In this guest editorial article, he gives his opinion on the ethics of climbing popular summer rock climbs in winter.
I am talking about routes on mountain crags in winter condition here, not "dry tooling" which seems to confuse people. I'm not going to enter a debate on what constitutes winter condition as I think that decision lies with the climber. You know if the route you did was a winter one.
What captures me as a climber is a line. A lot of the best lines for winter also happen to be the best lines for summer, Gimmer Crack is a prime case in point, a three pitch corner system, the winter line differs slightly from summer. Ascents in both summer and winter are equally as enjoyable and rate as being as good as anything about. The 2 styles can coexist and do in many places; Scafell, Bowfell, Gable, Ben Nevis, Shelterstone, Beinn Eighe, Cairngorm, Lochnagar, Glen Coe, The Cobbler the list goes on. If a line is truly great then the climbing and positions will capture you, if in summer you are distracted by a few scratches then you have missed the point.
The Rock Climbers environmental argument against climbing established summer rock routes in winter is seriously flawed and dangerous. What the argument actually is about is aesthetics, it is a selfish argument deployed by hypocritical rock climbers wishing to preserve what they think a rock climb should look like. This environmental argument is not about protecting fragile ecosystems. It is an argument that worries me as a rock climber, the ultimate extension of the environmental argument is that we should all stay at home.
When C.S. Worthington climbed Engineers Chimney in winter condition in 1909, now graded V 6, and at the time a winter ascent of a summer VS ( about as hard as any rock route in the world at the time) they were out climbing and having a good time, I'm sure they didn't court wide scale criticism. This answers another question posed of this style of climbing, namely that it is a passing fashion, Rock routes have been climbed as cutting edge winter lines for over 100 years.
In answer to a pure environmental argument against climbing established rock routes
I would put forward a counter argument that says you should only climb established classic summer lines in winter. On these lines the environmental damage has been done; vegetation removed, drainage altered, approach paths eroded etc, climbing them in winter and scratching the rock generates a mineral flush which can help stimulate lichen growth to cover up the polish. Chalk changes both the Ph and moisture content of the system, which in terms of stimulating vegetation regeneration is bad. Winter climbing on summer lines can be shown to be a good thing from an environmental stand point
Encouraging winter climbers to climb winter only lines on winter only crags is environmental terrorism, lets all go to pristine untouched ecosystems and interfere with them, incidentally this destruction is the same when a new untouched line is gardened in summer, in fact winter is probably the best time to interact with these untouched ecosystems as a lot of the vegetation is dormant.

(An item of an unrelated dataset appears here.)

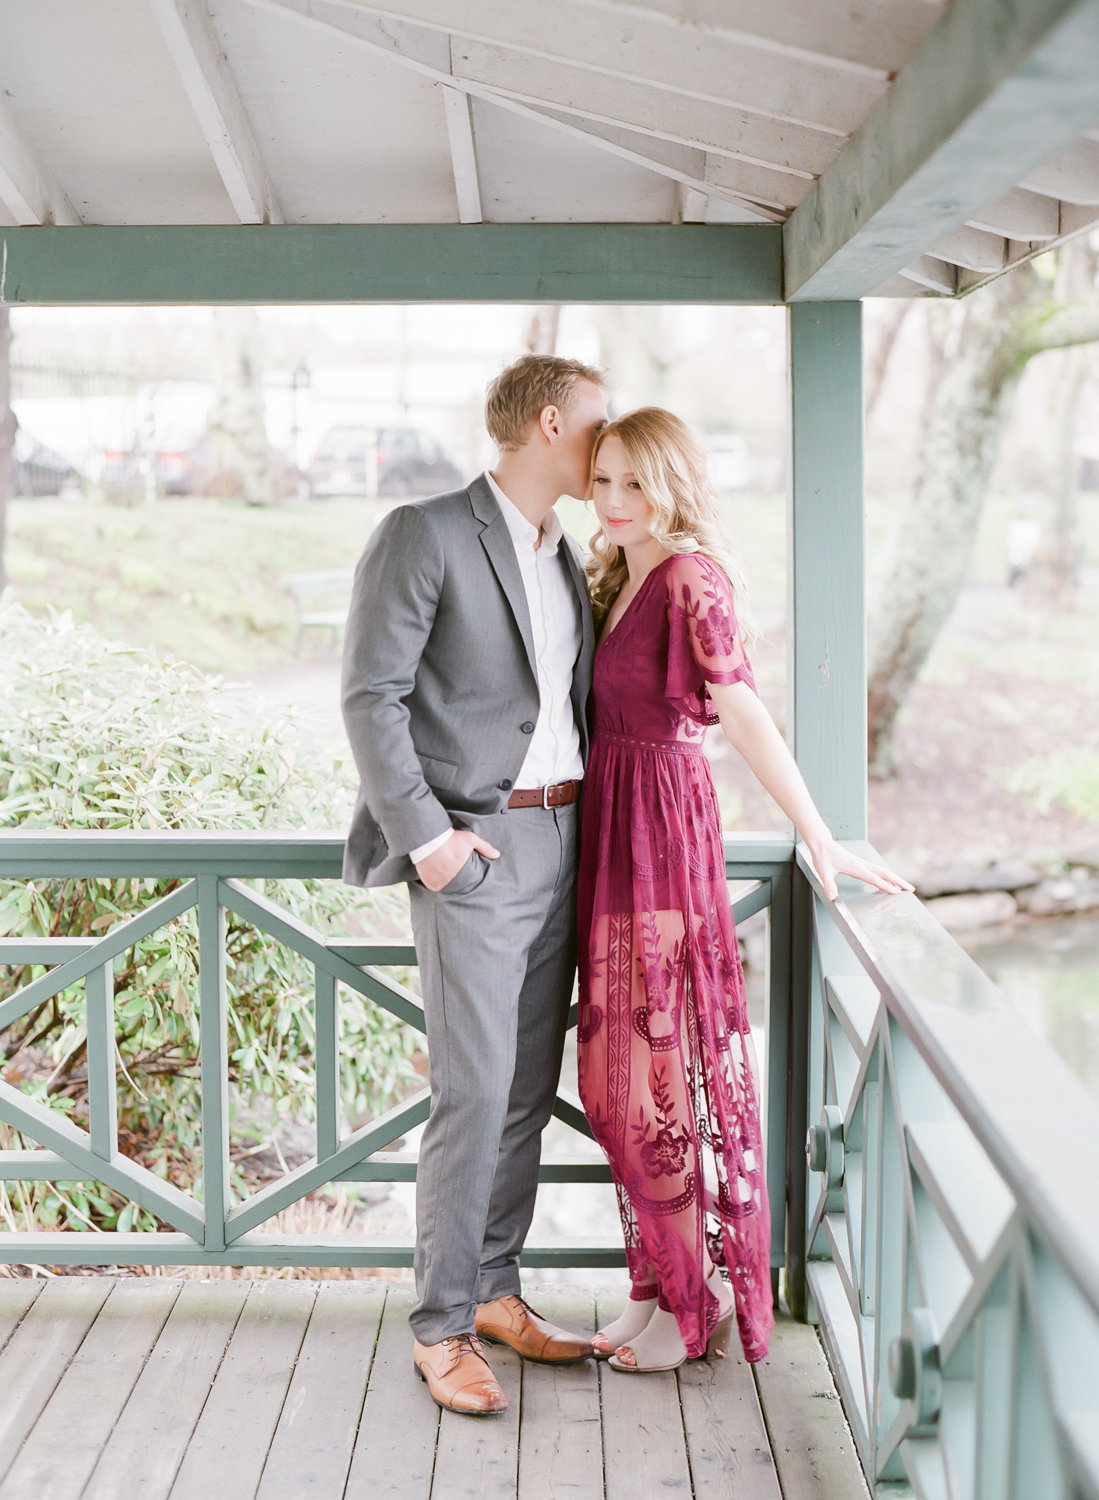 Jacqueline Anne Photography - Amanda and Brent-75

So it boils down to aesthetics. When it comes to a question of aesthetics what we are doing is putting a higher level of importance to one set of climbers values than another. I would say that the visual damage that chalk and erosion does to a bouldering venue such as Langdale boulders is far worse than a few scratches on a high north facing mountain crag. Not only does it spoil the appearance of the rock for other climbers but it spoils what is a very picturesque view for a much wider user group. I don't criticise the use of chalk, I don't try to limit visitor numbers etc. It is not up to me. I go bouldering at Langdale and I am happy to climb 3 star summer routes in winter.
The ascent of summer lines in winter is not new and is not going to disappear because a few rock climbers think it is bad. Just as rock climbers are not going to stop gardening pristine crag environments and using chalk. We have to accept that this is the case, this is climbing, and get on with enjoying ourselves on the crags.
Steve Studied Ecology, Environmental Management and Geology in the Mountain Environment whilst at the University of Cumbria in Ambleside.